5. Water and Plasma Propulsion for Small Satellites
Two propulsion experiments onboard RAISE‑4 aim at meeting the increasing demand for efficient mobility in small satellites. KIR‑X uses water as propellant, which makes for a safe, low‑cost alternative for orbit maintenance or maneuvering. TDS‑PPT is to demonstrate a pulsed plasma thruster, compact and low-power electric propulsion suitable for ultra-small satellites. Such systems could provide extended mission lifetimes and/or station-keeping with high accuracy without depending on toxic propellants.

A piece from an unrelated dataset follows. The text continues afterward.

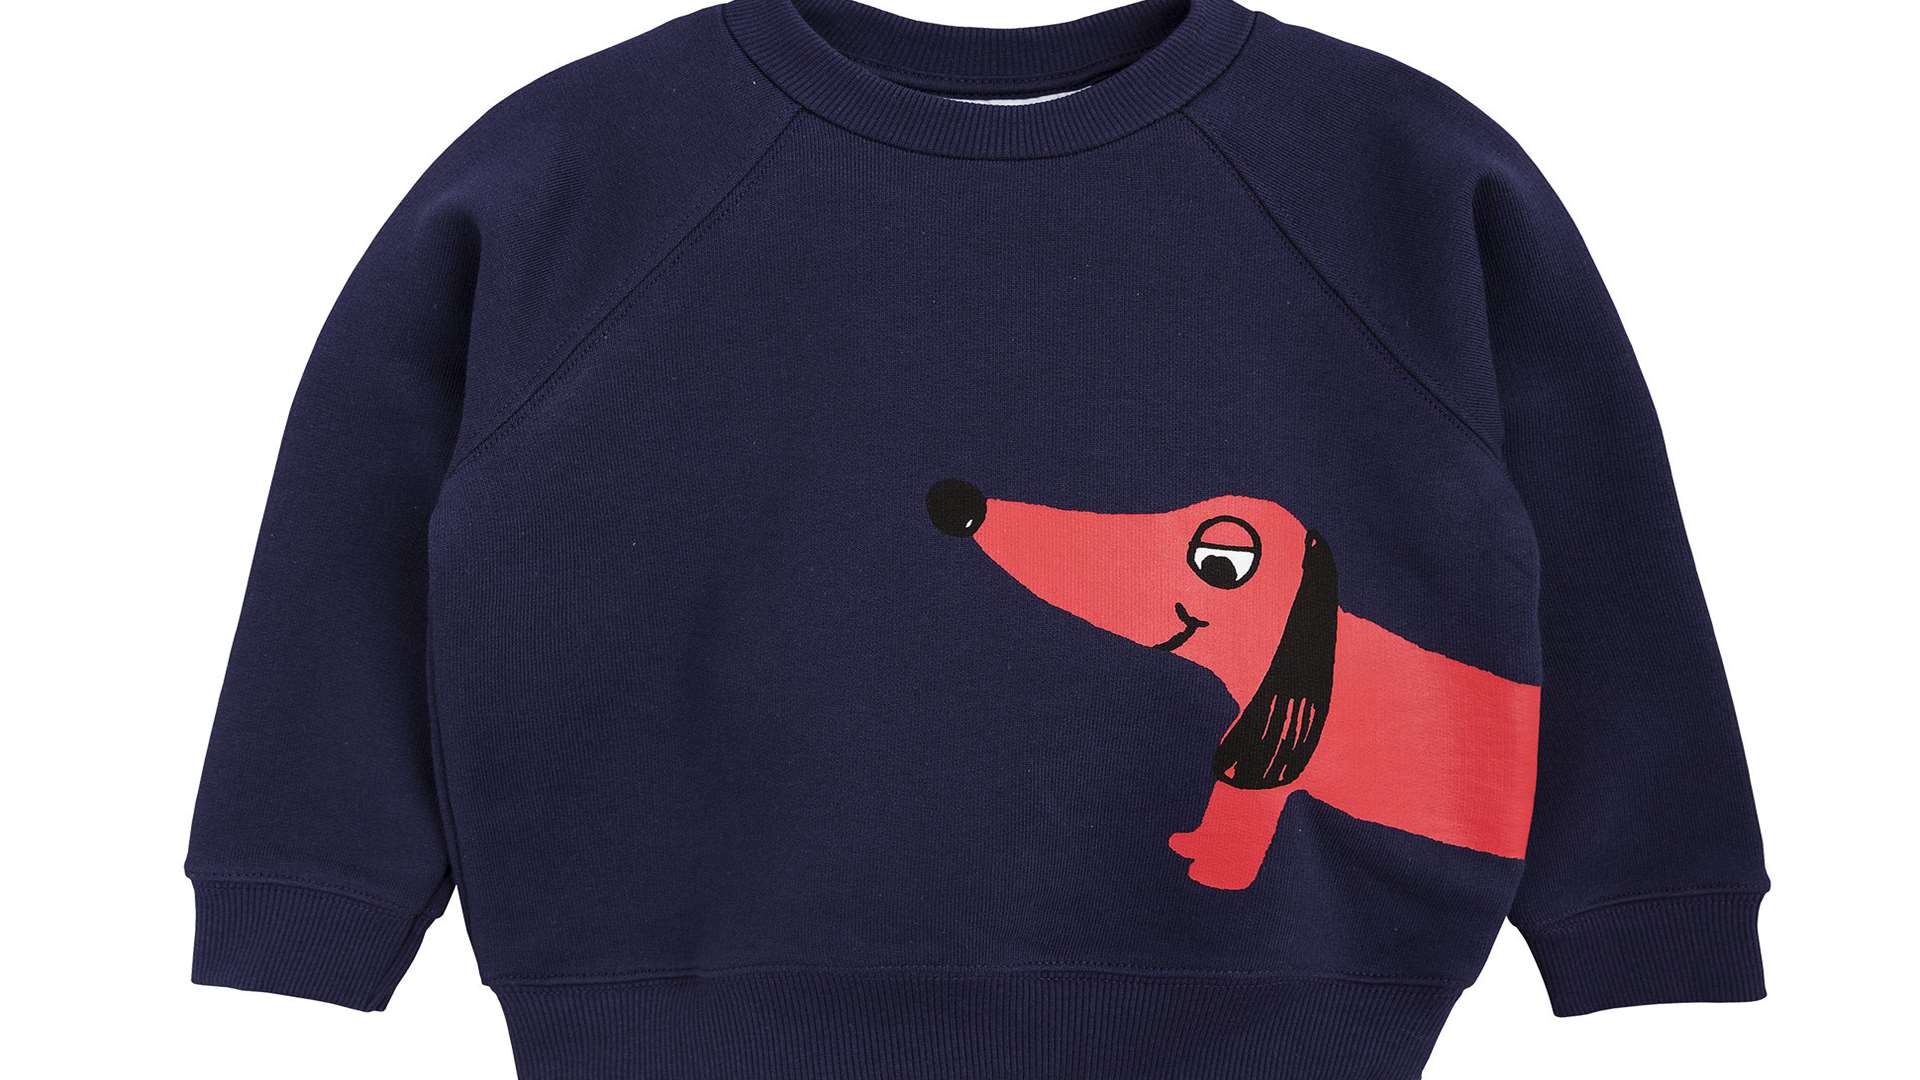 Hot dog sweatshirt from Mini Rodini

6. Debris-Free Satellite Housing
WASEDA‑SAT‑ZERO‑II introduces a 3D-printed CubeSat structure without screws or mechanical fasteners to minimize the risk of generating orbital debris. Its planar membrane deployment system also borrows from origami principles, supporting experiments in structural expansion without complex mechanical assemblies. Such designs could simplify manufacturing and improve reliability for future nanosatellite missions.
7. Interconnected Nanosatellite Constellations
MAGNARO‑II demonstrates a new way of rotating and then separating physically connected nanosatellites into a functional constellation in orbit. The eventual outcome could be to reduce launch costs by sending several satellites together as one unit, then spreading them out to coordinated positions for distributed sensing or communications.

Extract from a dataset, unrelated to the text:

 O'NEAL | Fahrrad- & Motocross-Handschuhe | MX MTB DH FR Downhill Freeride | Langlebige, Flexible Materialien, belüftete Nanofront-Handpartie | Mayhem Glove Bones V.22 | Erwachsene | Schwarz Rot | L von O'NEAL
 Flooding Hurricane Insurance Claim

8. Intelligent Power Management in Space
Mono‑Nikko has implemented an intelligent power supply unit to monitor the health of the batteries in ultra‑small spacecraft. Such systems are able to help avoid mission-ending failures and optimize energy usage for long-duration operations by catching deterioration or anomalies early.
9. Space‑Based Earthquake Monitoring
PRELUDE carries a hybrid electric field/plasma sensor to detect precursor phenomena that may be associated with seismic activity. If successful, the technology could form part of worldwide earthquake prediction networks combining space‑based measurements with terrestrial monitoring systems.
From origami-folded antennas to AI maritime surveillance, RAISE-4’s payloads represent a convergence of mechanical ingenuity, materials science, and onboard intelligence. Over the coming 13 months, these experiments will be operated by JAXA, which will give data that may redefine what small satellites can achieve in communications, navigation, and environmental monitoring, among many other areas.